日本語訳を! 2-(1)
お願いします。
If you had an important story to tell, but most of your audience couldn't read, you might tell the story by drawing it in pictures. If you wanted the story to last a very long time, you might draw those pictures in stone. That's what an Egyptian storyteller did, and his work has lasted more than 5,000 years. It's the story of the first king of Egypt. And the stone is called the Palette of Narmer.
Long before the first king, before there were people of great power, before there were towns to lead, before there were villages with headsmen, the people of Egypt lived like all prehistoric peoples. They lived in small groups on the move. They followed the food.
Ten thousand years ago the area around the Nile hadn't dried up into desert yet. Rain fell more often and fields of grass grew. Elephants plodded about, flapping their ears in the heat. Giraffes nibbled on thorny trees. Vultures rode the warm air currents in search of something dead to eat. The people of Egypt hunted gazelle and dug root vegetables.
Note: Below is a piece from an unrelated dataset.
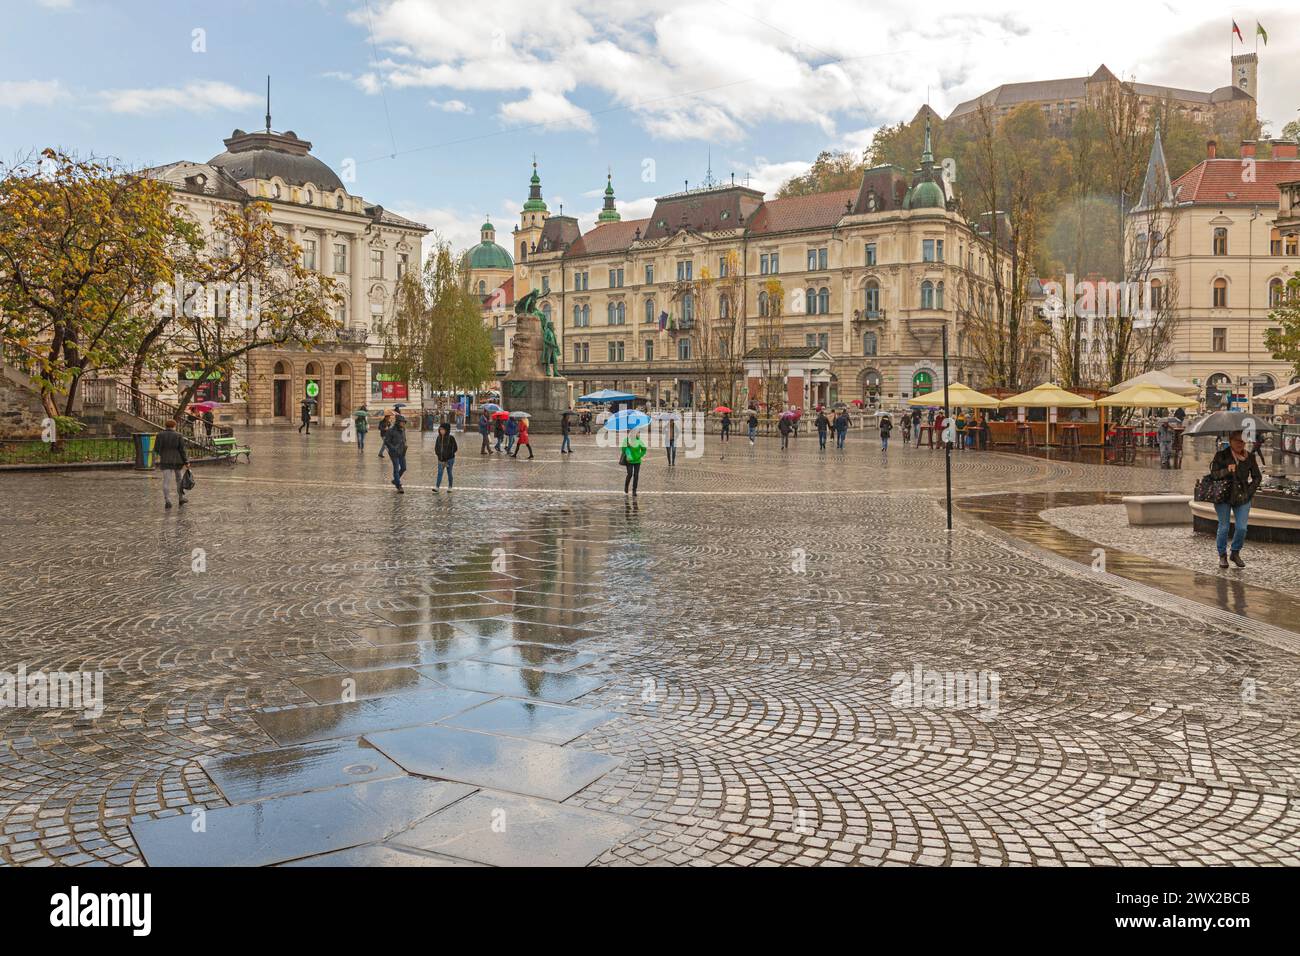 Ljubljana, Slovenia - November 4, 2019: People Walking at Wet Cobblestones Square Rainin Capital City Centre. Stock Photo

By 6,000 years ago, the people of Egypt had begun to herd cattle. When the Nile swelled and flowed over its banks, the people would follow their cattle away from the river. Extended families sometimes joined other groups while the cattle munched in the grasslands. By the end of summer, the heat and the lack of rain shriveled the grass, and the herderr brought the cattle back to the edge of the floodplain―back to the Nile. They planted seeds and grew an early form of wheat called emmer. They grew peas, barley, and melons.
Small villages began to crop up along the Nile, just out of reach of the floodwaters. When the people argued, someone from the group would step in to solve the problem. Pretty soon they would look to that person to solve all of the problems. Power was born.